When the Transitional National Government of Somalia was established in Djibouti during the spring of 2000 the momentum of the ICU was slowed. It would not return until it was revived in 2004 by Sheikh Sharif Sheikh Ahmed who was subsequently elected as chairman of the ICU. The year before in 2003, Sheikh Sharif Ahmed had been a school teacher that had become frustrated with the return of insecurity in north Mogadishu and successfully pushed to rejuvenate the Islamic Courts system in the region.

Rise of the Transitional Federal Government 
Following the failure of the Transitional National Government of Somalia established in 2000, the Transitional Federal Government (TFG) led by Abdullahi Yusuf was formed in 2004. Yusuf was a previous close ally of Ethiopia and the Ethiopian government in return strongly backed his leadership. Its backing of Yusuf reported to be instrumental in his victory for the TFG leadership during the election held in Kenya.

The TFG operated entirely outside of Somalia due to instability in Mogadishu and consequently was criticized by Somali citizens and international community. At the time the TFG was only recognized by Kenya and Ethiopia, as the European Union, the United States and other members of the international community refused to fully recognize the TFG's legitimacy until it operated from Mogadishu. To counter this, the TFG moved into Somalia for the first time in 2005, eventually setting up its headquarters south west of Mogadishu in Baidoa.

ICU and War on Terror

ICU-Warlord Conflict 
During 2005 Mogadishu was hit by a significant wave of unexplained assassinations and disappearances. The Islamic Courts claimed that covert US government operations and warlords were targeting high ranking ICU officials. According to C. Barnes & H. Hassan, "It was in this context that a military force known as Al-Shabaab (‘the Youth’) emerged, related to but seemingly autonomous of the broad based Courts movement." At the time it was widely believed in Mogadishu that Somali warlords were cooperating with U.S. intelligence agents to kidnap alleged terror suspects, particularly prominent religious leaders. This atmosphere forced the ICU to take a more confrontational stance against the warlords. Full hostilities between the two parties would break out soon after over the issue of controlling Mogadishu's highly profitable makeshift El Ma’an port. The ICU would enjoy widespread support from Mogadishu citizens and business community against the warlords, greatly aiding its ability to seize and control large swathes of the city.

CIA intervention 
The Bush administration had become increasingly concerned with the growing power of the Islamic Courts Union, and feared that they would make Somalia a haven for Al-Qaeda to plan attacks from, like in Afghanistan. The Americans would go on to approve funding for the Somali warlords and actively encourage them to counter the ICU, a decision made by top officials in Washington which would be later reaffirmed by the U.S. National Security Council during meeting about Somalia in March 2006. At the time of the meeting there was fierce fighting in between the warlords and the Islamic Courts around Mogadishu, and the decision was taken to make counterterrorism the top policy priority for Somalia.
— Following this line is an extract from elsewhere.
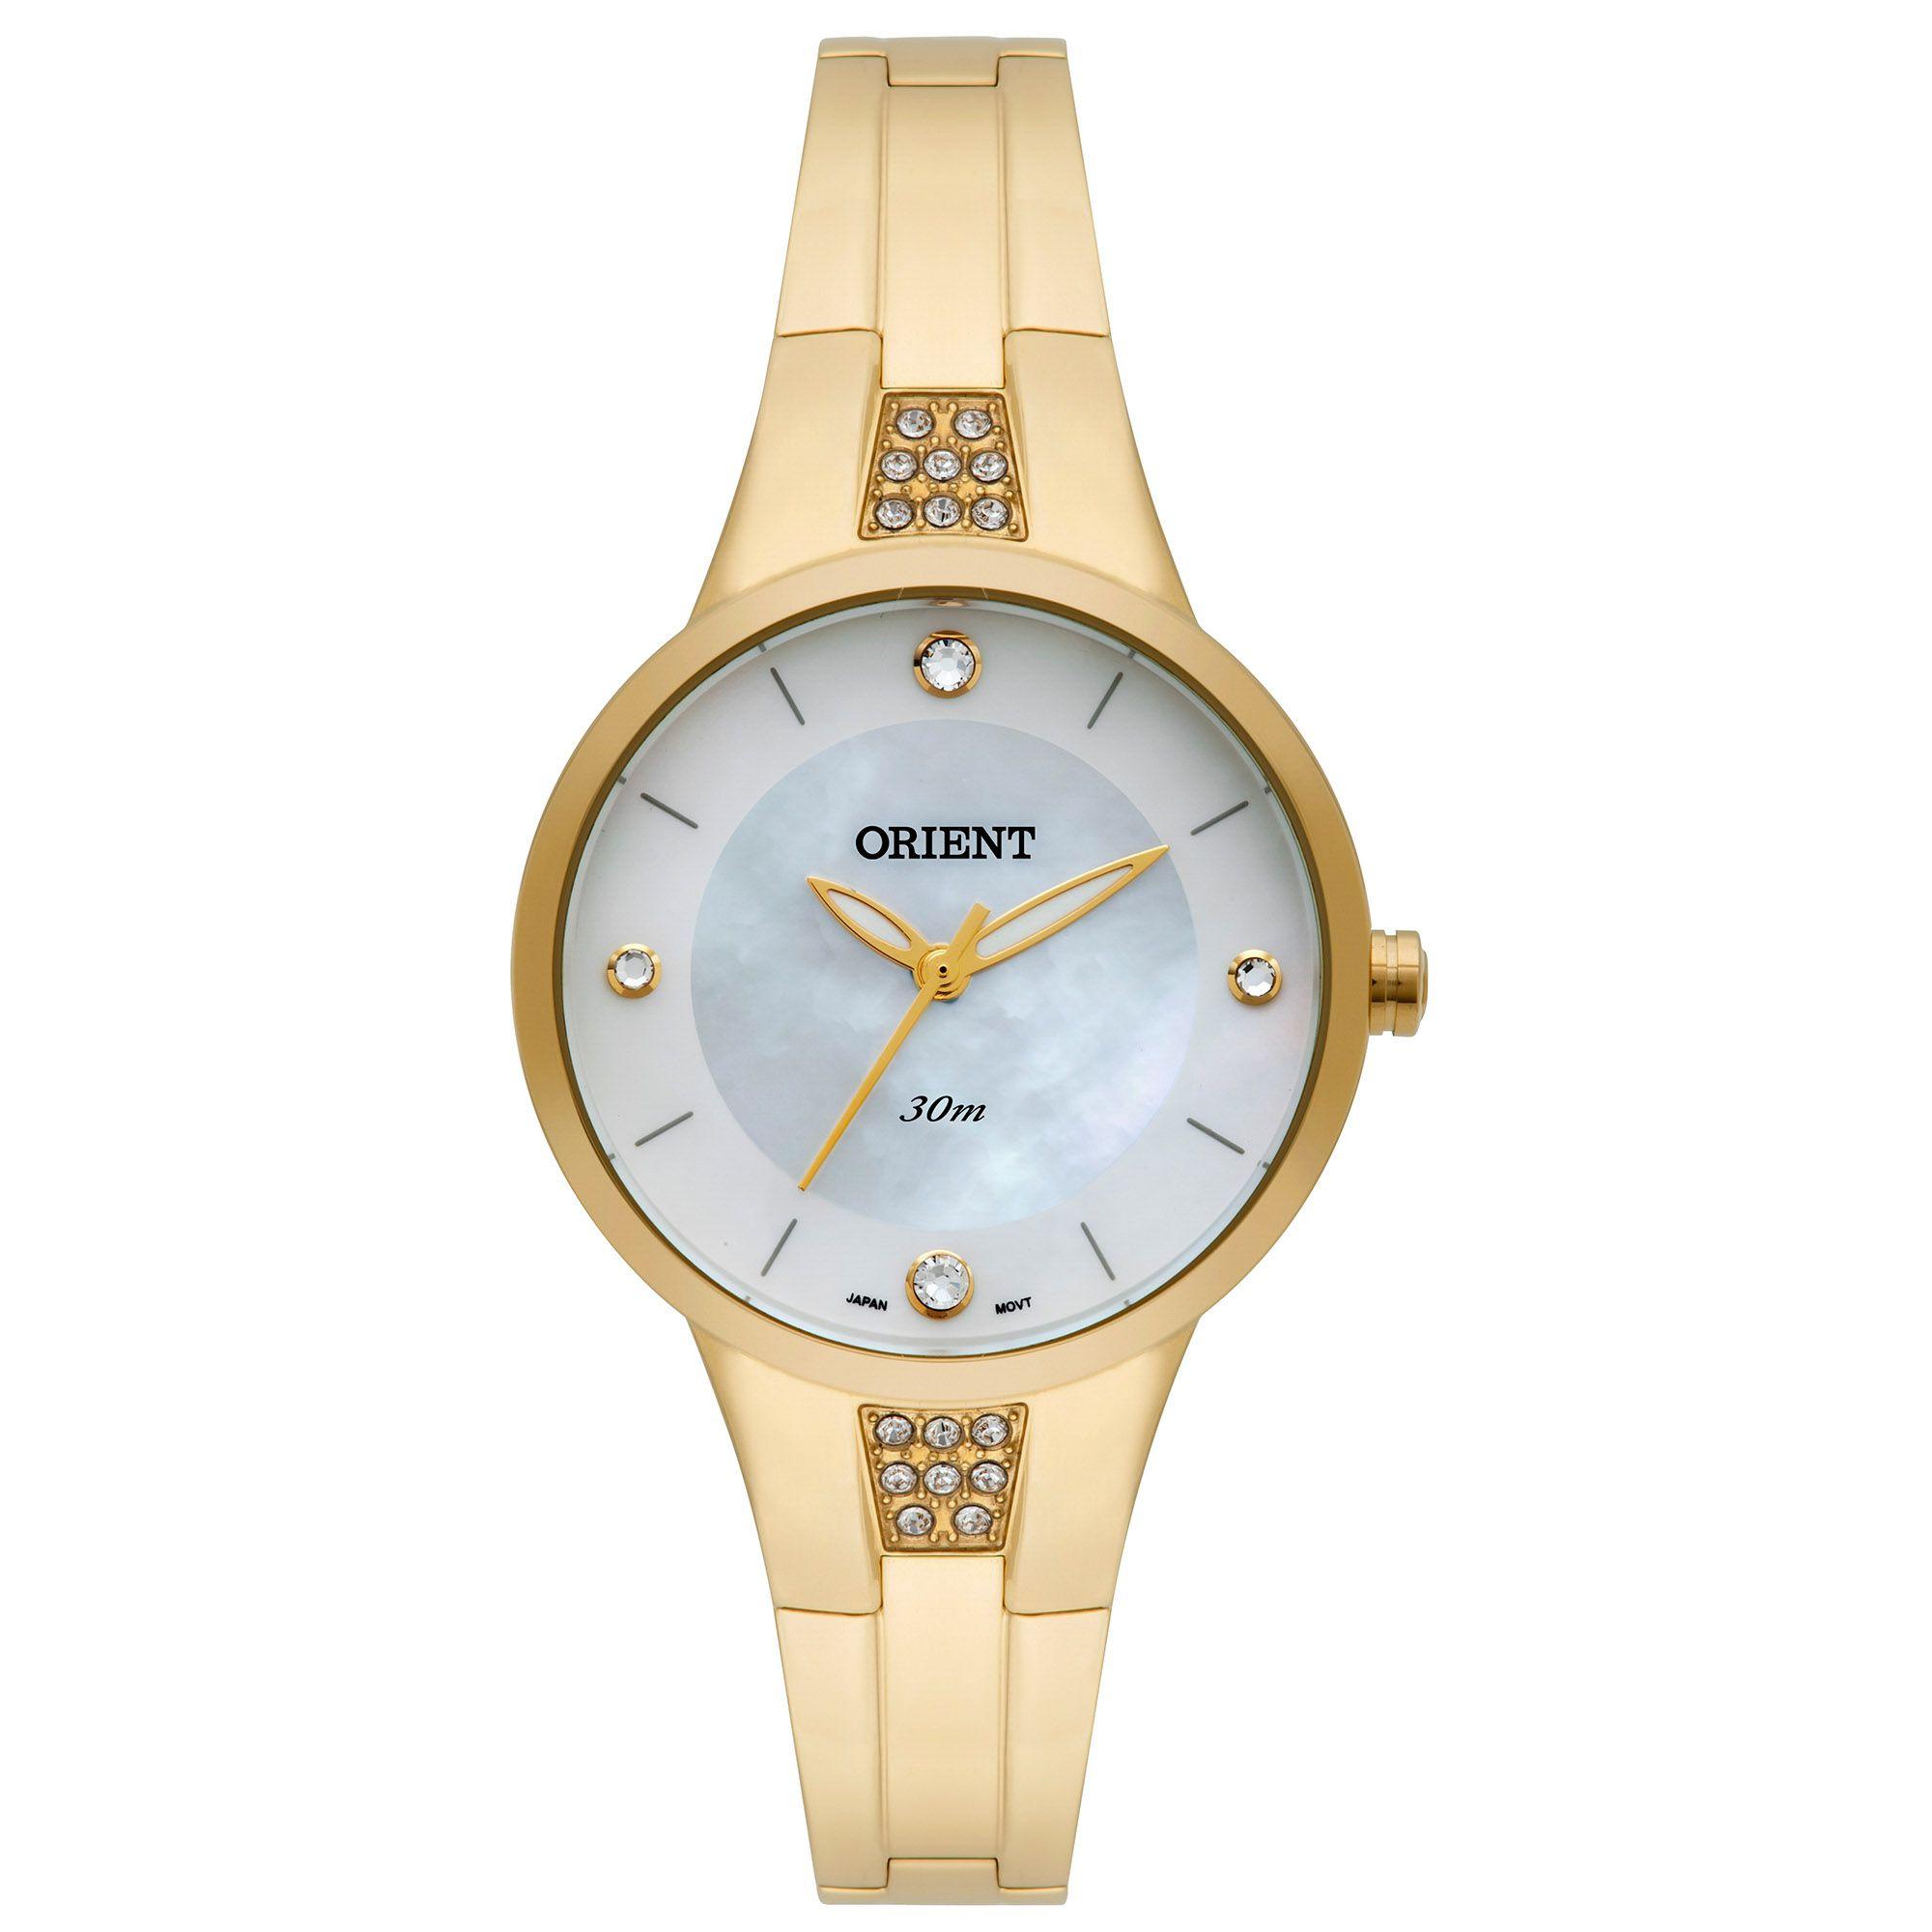 Relógio Feminino Orient FGSS0056 B1KX
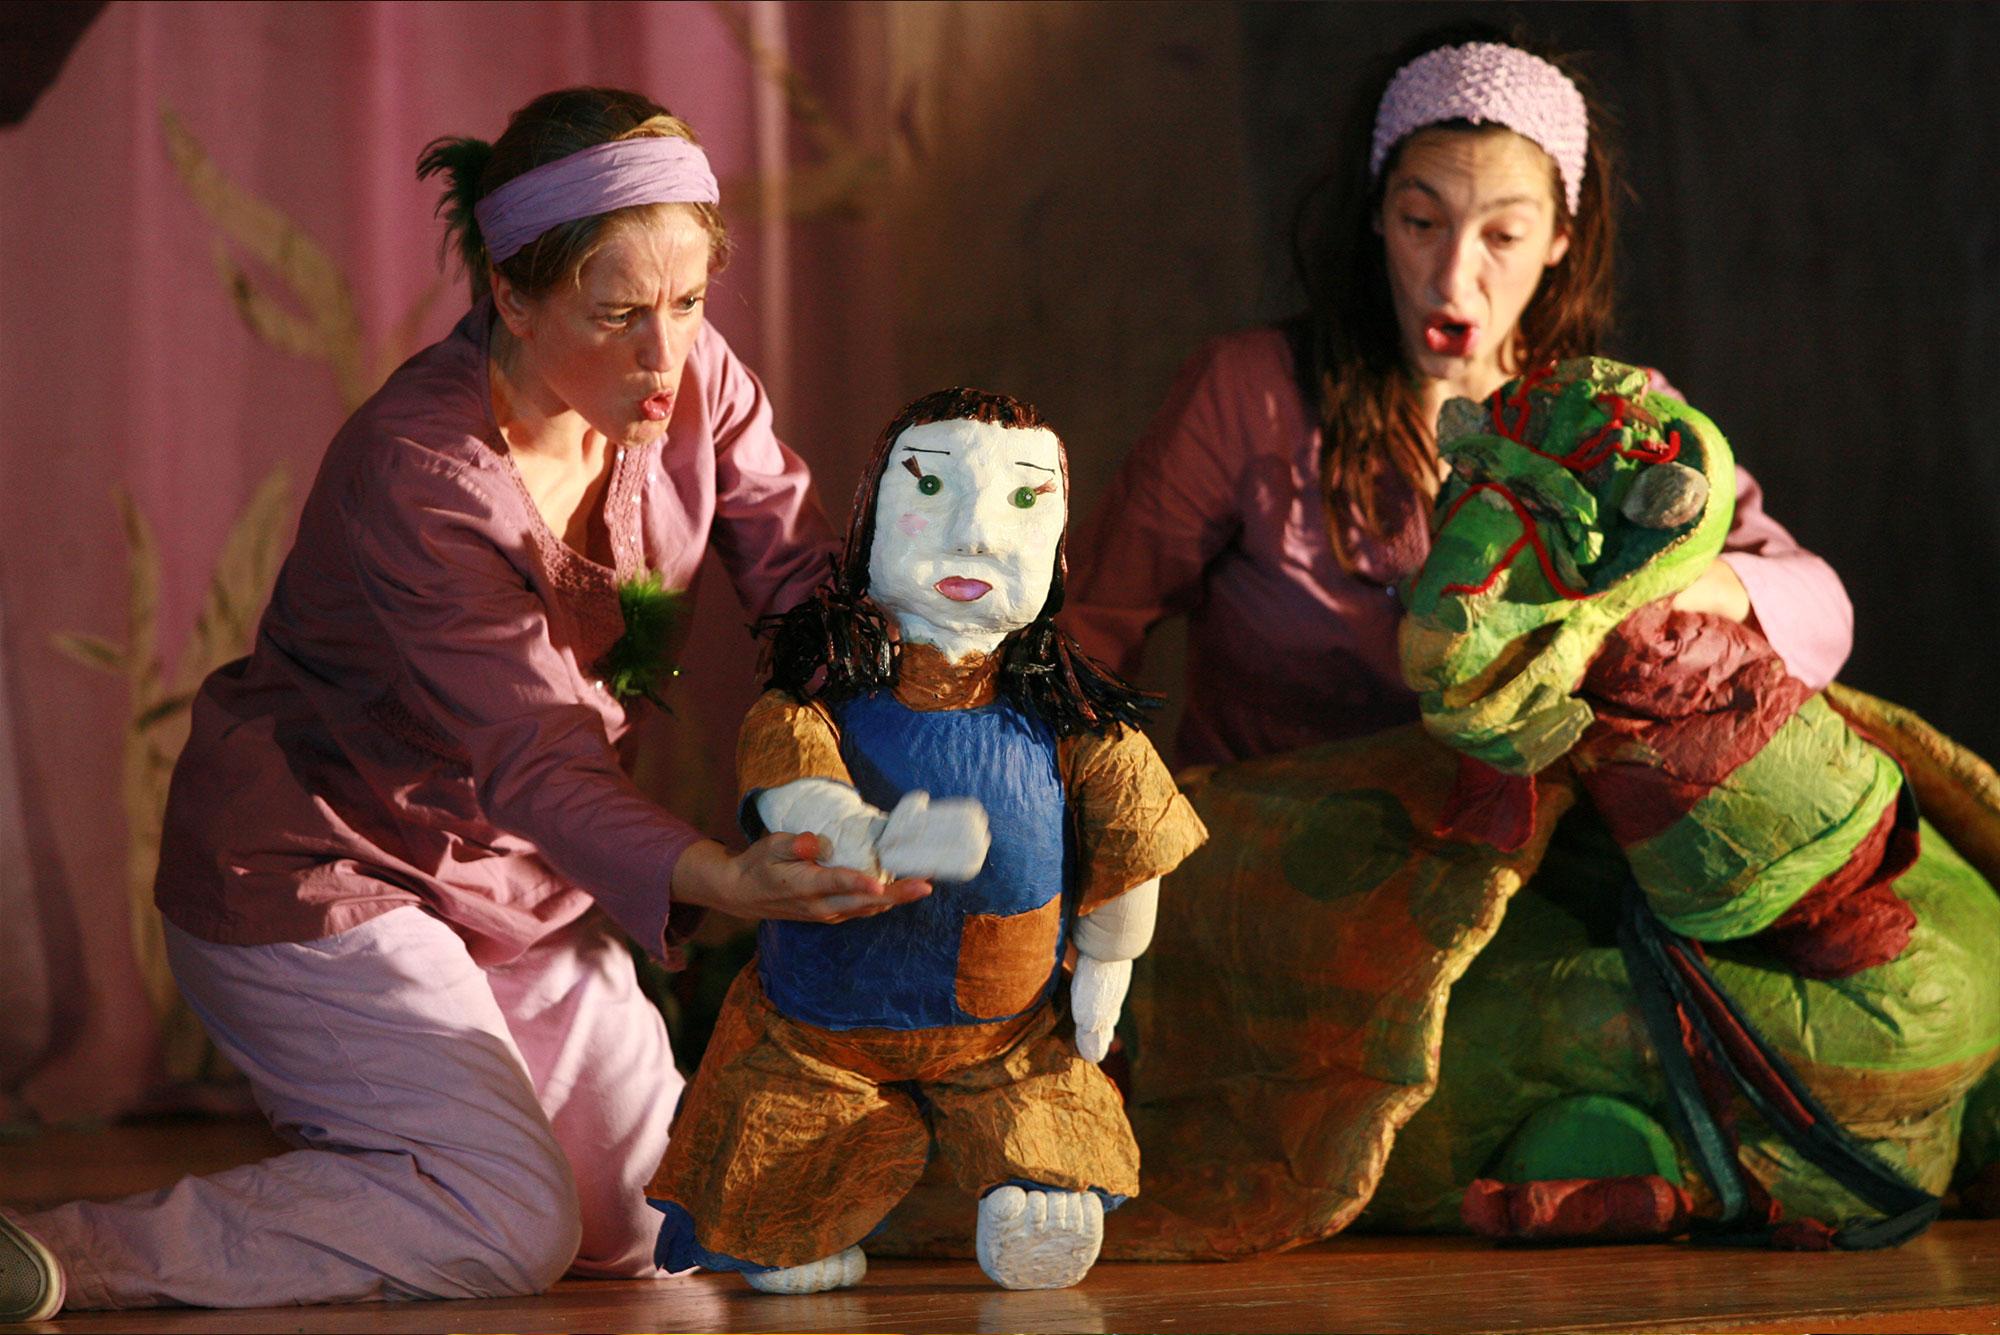 compagnie_artemisia_spectacle_jeune_public_marionette_envole-toi-1

At the suggestion of the Central Intelligence Agency (CIA), anti-ICU warlords united under the banner of the Alliance for the Restoration of Peace and Counter-Terrorism (ARPCT) and according by the International Crisis Group, had a notorious pattern of seizing innocent clerics with little or no intelligence value, which greatly fed into the already existing perception among Somalis that the Americans and the warlords were waging a war against Islam under the guise of the War on Terrorism.

According to Mary Harper, a journalist with BBC Africa, the Islamic Courts Union was in reality more of a loose federation and only began to unite into a homogenous body with a clear authority when its existence was threatened by the ARPCT. By this time there were 11 courts within the union.

The Transitional Federal Government of Somalia, being both in contention with the ICU and backed by the United States, openly opposed the Americans operation to fund the warlords. Nine of Mogadishu's most prominent community leaders that opposed the ICU claim they secretly flew to neighboring Djibouti in early March 2006 and pleaded with U.S. military officials there to stop funding the warlords who were devastating the city. They allege that they warned the Americans that backing the hated warlords would end up greatly empowering the Islamic Courts and inflame the radical elements within it.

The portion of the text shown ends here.